Beliefnet
As the holidays approach, many of us will have the chance to sit down in person and speak with friends and family members who have deeply different political views. While some might avoid talking about politics for fear of negative consequences, such conversations can be remarkably good opportunities to strengthen relationships and create mutual understanding. Yet it is not always easy to have constructive conversations, particularly when strong emotions are involved.

To help, Public Conversations Project has developed a new one-page guide to one-on-one conversations. We encourage you to find some quiet time to connect with someone you care about, and to use PCP's guide to explore your hopes and concerns about what lies ahead for the U.S. and the world.

Start by asking yourself a few questions to help you prepare
What's at the heart of your desire to reach out to the person you have in mind? Do you hope for mutual understanding or will you feel satisfied only if you can persuade them to "concede" certain points? In what contexts are you able (or not so able) to listen without interrupting and to speak with care? Can you reach out in a way that doesn't rush or pressure the other person to agree to talk? Are you open to the possibility that your invitation might be turned down? If the person accepts, will you be happy with modest progress, or do you hope one conversation will "solve everything"?

Make the invitation with clarity about its purpose and with a spirit of genuine interest.

Example: I know we voted for different candidates, and I'm really interested in understanding what you see in X that won your support. Would you be willing to find some quiet time to share your thoughts and listen to mine - without trying to "convert" each other, simply to understand?

Set the stage
Agree to a time/space that is private and free from distraction. Ahead of time, let the person know the types of questions you hope to explore. (You could even give them a copy of this page!) Let them know that you plan to answer the same questions, so you both learn about and from each other without anyone being on the defensive.
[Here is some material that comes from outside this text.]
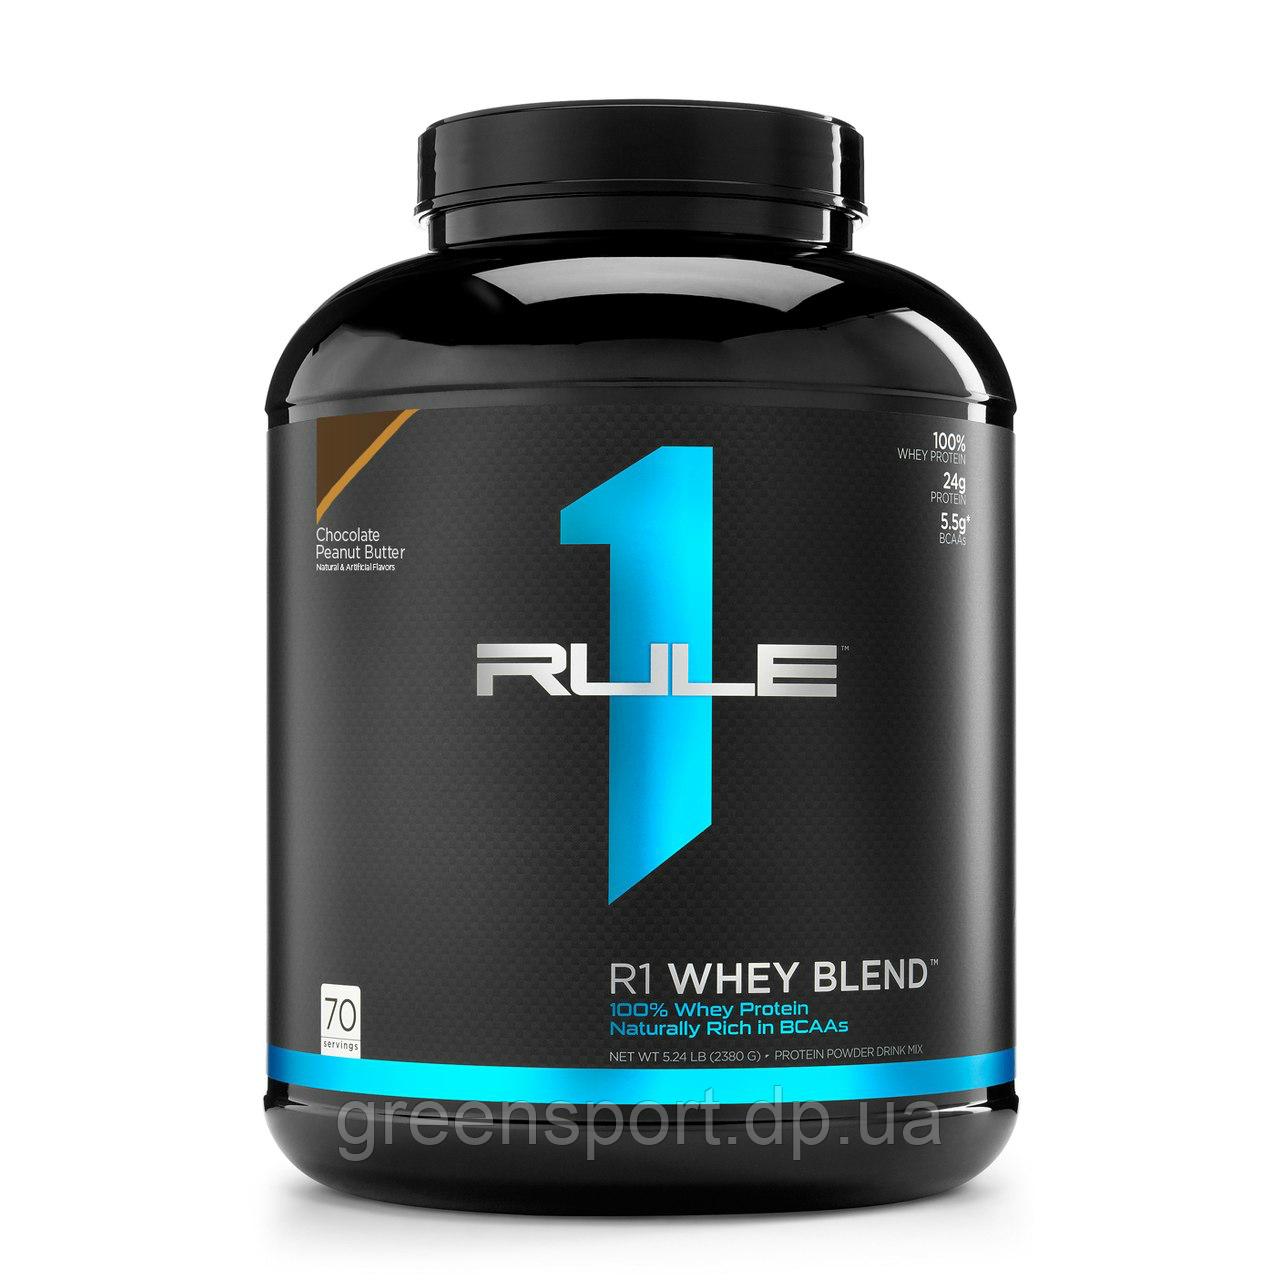 Протеин Rule One Proteins R1 Whey Blend (2,38 кг) Шоколадно-арахисовые сливки

Start by talking about how you can have a good conversation.Example: I'm glad we have the chance to talk. As we discussed, I hope this won't become a political "debate," so can we focus on our personal experiences and not speak for entire groups or political parties? Can we agree not to try to change each other's minds? Can we agree to avoid labels or language that might be insulting? Can we also take turns, without interrupting so we both can be heard? Would that work? What else should we consider before diving in?

Questions to consider
How this works: Agree to questions you both will answer, and decide who will speak first. Start with a short pause for reflection. One person listens without interrupting. Take a minute for reflection. Next trade roles, so the first person who spoke listens while the second person answers the same question. Try this with at least three questions. Then, in a more free-form way, start asking each other questions about what you've heard so far - not rhetorical questions - but questions that represent genuine curiosity about each other's experiences and perspectives.

Sample questions include:
1. Can you tell me something about your life experience that can help me understand your reasons for voting as you did?

2. What are your hopes and fears for the next four years? What is at the "heart of the matter" for you?

3. Do you have any mixed feelings, value conflicts or uncertainties about the candidate/issues you supported?

4. Have you ever felt stereotyped by people holding different political views? If so, how? Which of those stereotypes was most distressing to you? Most inaccurate? Why?

5. Given the challenges we face, what dreams do you have for yourself, your family, community, or country? What steps can you take toward making one dream real? How might others support you?